■ WORK ORDER: In the entries below, find the line containing "Mężczyzna na konsultacji" and the line containing "Rabatt Schuhe Salvatore". Copy those two lines and everything between them exactly, and only that.

--- DATA TO EXAMINE Enclosed Below ---

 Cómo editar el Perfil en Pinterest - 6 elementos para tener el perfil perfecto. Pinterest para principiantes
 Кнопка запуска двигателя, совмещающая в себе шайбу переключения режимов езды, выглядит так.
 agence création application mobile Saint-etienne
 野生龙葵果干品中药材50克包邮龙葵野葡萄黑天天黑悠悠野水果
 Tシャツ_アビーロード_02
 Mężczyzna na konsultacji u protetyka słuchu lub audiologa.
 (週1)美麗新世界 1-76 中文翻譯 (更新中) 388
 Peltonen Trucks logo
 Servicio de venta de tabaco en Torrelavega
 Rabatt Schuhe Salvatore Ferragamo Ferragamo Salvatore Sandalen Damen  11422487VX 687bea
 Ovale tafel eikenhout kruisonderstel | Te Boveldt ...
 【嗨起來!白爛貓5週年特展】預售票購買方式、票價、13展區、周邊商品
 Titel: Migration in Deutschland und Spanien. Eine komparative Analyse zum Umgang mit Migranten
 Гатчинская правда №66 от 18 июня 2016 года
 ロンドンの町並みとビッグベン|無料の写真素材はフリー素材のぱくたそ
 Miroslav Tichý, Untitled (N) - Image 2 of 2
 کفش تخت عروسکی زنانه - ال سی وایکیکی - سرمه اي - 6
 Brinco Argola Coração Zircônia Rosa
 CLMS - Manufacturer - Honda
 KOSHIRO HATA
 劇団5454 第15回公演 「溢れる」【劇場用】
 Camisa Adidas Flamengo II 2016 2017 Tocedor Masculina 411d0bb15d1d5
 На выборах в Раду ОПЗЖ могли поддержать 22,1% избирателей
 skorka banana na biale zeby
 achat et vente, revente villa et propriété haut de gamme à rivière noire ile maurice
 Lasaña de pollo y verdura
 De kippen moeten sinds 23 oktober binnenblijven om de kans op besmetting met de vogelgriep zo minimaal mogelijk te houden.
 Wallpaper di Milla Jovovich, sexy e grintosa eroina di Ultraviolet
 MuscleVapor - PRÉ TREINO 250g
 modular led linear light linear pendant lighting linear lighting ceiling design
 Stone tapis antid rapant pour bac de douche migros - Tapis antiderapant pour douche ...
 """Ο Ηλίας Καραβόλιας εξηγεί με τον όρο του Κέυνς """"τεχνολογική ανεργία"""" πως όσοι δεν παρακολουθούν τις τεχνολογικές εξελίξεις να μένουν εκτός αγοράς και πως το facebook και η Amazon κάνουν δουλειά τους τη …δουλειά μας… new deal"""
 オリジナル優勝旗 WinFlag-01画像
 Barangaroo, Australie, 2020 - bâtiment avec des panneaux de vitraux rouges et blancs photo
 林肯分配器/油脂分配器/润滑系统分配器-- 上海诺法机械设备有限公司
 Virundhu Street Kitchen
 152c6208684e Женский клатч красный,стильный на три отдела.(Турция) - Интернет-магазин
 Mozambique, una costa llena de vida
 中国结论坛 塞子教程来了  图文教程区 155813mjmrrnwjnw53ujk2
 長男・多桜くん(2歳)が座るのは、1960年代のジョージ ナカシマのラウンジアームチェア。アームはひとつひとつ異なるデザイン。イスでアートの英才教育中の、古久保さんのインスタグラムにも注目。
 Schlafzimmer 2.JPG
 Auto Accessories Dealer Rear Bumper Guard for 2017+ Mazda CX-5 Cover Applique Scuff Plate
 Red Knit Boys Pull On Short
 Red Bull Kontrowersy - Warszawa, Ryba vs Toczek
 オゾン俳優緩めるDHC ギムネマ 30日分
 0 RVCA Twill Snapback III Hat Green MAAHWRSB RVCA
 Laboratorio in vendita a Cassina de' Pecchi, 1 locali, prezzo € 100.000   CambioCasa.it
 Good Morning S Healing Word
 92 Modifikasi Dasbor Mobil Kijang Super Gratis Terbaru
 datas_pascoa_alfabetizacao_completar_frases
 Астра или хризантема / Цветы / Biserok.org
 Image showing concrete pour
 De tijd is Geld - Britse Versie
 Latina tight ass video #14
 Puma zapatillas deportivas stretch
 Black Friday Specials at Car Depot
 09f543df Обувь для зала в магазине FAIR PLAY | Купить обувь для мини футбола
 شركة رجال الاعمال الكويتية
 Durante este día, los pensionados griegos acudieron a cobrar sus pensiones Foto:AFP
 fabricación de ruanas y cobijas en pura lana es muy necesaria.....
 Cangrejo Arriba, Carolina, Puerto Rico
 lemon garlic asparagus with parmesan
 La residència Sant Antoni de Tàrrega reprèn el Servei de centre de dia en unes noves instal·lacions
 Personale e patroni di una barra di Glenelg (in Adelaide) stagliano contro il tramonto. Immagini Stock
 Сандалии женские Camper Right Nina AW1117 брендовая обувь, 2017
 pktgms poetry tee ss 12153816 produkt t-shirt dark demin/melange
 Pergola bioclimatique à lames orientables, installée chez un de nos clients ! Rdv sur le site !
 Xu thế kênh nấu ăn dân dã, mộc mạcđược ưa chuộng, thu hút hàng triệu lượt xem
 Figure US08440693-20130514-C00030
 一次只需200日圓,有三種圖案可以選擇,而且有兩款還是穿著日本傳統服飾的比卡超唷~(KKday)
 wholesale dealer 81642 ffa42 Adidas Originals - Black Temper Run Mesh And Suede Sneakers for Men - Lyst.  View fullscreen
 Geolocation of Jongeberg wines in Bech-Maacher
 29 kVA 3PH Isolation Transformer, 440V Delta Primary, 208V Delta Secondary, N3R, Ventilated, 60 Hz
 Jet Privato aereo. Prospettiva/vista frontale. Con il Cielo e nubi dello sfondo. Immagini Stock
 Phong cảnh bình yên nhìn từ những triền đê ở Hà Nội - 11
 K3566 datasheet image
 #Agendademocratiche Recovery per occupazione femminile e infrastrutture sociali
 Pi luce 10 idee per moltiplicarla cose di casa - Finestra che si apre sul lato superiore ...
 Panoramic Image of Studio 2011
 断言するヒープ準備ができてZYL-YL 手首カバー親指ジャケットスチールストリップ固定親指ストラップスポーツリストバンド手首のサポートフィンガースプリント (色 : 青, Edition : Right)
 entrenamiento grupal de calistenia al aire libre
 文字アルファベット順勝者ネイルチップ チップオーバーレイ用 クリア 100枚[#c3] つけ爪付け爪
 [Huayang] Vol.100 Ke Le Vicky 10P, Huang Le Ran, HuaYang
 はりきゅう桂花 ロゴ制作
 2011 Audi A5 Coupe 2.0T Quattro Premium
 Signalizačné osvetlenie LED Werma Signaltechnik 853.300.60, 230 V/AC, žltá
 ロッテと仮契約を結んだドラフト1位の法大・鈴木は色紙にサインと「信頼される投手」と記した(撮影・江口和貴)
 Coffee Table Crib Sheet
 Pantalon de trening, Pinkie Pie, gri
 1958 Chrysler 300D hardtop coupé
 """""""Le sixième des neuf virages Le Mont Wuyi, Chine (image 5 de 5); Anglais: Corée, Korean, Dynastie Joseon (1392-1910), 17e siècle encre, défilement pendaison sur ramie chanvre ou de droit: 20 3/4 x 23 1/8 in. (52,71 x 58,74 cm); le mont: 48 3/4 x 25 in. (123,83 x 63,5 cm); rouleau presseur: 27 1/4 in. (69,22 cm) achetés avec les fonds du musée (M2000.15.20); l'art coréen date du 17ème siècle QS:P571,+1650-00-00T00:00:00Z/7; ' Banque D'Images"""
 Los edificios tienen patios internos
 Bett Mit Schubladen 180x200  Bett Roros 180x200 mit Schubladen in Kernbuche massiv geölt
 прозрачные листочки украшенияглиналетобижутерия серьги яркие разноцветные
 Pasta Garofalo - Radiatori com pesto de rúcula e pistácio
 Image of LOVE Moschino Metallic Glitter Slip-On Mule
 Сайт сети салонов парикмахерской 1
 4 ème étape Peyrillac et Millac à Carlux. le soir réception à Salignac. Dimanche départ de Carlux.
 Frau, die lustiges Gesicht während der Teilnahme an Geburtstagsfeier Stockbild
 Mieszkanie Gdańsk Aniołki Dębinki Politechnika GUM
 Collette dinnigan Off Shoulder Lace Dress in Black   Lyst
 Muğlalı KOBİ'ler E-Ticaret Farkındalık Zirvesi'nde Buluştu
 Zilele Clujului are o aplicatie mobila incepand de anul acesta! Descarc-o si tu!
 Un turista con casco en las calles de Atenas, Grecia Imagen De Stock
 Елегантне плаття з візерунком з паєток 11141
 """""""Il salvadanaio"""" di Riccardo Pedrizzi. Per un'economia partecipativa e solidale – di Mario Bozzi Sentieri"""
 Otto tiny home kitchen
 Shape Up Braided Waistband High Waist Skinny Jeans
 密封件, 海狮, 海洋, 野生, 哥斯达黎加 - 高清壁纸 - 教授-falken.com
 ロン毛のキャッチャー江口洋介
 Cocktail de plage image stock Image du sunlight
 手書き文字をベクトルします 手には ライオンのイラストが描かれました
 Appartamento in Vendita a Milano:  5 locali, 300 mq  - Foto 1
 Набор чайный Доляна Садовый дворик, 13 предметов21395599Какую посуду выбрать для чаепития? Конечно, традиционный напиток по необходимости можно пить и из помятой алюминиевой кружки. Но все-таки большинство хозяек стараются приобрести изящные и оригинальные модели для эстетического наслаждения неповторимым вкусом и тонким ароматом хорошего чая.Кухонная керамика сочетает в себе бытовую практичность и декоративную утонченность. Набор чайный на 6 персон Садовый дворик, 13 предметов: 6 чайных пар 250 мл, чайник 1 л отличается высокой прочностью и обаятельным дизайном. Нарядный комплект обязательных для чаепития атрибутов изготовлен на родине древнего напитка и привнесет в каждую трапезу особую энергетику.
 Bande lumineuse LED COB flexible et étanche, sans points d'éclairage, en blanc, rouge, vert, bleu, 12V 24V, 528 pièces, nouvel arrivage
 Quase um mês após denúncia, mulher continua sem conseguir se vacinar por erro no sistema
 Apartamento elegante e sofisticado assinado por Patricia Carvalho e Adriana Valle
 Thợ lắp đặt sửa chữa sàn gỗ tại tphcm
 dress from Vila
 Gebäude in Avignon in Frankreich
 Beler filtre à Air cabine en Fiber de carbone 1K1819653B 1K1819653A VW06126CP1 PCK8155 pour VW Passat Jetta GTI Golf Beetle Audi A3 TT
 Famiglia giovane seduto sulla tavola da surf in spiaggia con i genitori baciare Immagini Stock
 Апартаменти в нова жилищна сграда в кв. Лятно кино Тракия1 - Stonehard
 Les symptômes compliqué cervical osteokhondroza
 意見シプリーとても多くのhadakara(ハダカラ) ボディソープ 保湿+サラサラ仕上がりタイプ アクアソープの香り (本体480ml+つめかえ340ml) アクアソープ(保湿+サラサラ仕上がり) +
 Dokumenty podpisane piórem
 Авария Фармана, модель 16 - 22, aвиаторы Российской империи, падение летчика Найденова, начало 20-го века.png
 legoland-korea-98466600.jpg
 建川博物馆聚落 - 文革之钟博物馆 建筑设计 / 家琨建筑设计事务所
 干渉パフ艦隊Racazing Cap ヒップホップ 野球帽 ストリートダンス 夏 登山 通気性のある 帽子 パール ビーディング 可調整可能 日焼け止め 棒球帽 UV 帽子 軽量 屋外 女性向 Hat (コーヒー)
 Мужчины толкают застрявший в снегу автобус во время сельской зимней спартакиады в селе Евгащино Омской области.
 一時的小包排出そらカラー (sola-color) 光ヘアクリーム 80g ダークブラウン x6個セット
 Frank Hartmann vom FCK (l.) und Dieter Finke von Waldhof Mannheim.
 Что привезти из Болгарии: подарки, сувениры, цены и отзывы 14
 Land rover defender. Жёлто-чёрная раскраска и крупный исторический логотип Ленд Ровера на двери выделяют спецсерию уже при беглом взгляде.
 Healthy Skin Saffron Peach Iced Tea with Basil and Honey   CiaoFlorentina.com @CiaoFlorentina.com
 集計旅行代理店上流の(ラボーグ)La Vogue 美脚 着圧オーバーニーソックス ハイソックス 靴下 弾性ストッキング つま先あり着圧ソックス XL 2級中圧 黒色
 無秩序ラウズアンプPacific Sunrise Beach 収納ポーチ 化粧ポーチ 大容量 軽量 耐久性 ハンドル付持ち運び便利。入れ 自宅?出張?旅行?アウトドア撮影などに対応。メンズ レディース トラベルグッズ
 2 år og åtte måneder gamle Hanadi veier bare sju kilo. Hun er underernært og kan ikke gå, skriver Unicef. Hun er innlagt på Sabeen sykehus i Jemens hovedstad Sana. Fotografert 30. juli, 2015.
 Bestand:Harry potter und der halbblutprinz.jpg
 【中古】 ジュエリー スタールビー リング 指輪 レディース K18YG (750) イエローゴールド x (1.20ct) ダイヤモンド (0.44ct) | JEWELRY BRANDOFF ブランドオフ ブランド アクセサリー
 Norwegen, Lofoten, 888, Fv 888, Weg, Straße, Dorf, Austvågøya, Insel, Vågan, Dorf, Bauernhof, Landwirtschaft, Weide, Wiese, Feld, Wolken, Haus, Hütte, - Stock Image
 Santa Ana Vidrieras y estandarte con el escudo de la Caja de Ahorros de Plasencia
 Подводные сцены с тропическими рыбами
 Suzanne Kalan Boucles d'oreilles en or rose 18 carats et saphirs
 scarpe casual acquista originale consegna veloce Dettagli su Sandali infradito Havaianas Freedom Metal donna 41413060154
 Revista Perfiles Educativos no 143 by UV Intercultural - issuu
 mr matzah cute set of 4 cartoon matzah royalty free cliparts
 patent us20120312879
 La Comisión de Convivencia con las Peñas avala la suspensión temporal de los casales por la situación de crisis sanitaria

--- End of Enclosed DATA TO EXAMINE ---

■ RESPONSE TO THIS EXERCISE:
 Mężczyzna na konsultacji u protetyka słuchu lub audiologa.
 (週1)美麗新世界 1-76 中文翻譯 (更新中) 388
 Peltonen Trucks logo
 Servicio de venta de tabaco en Torrelavega
 Rabatt Schuhe Salvatore Ferragamo Ferragamo Salvatore Sandalen Damen  11422487VX 687bea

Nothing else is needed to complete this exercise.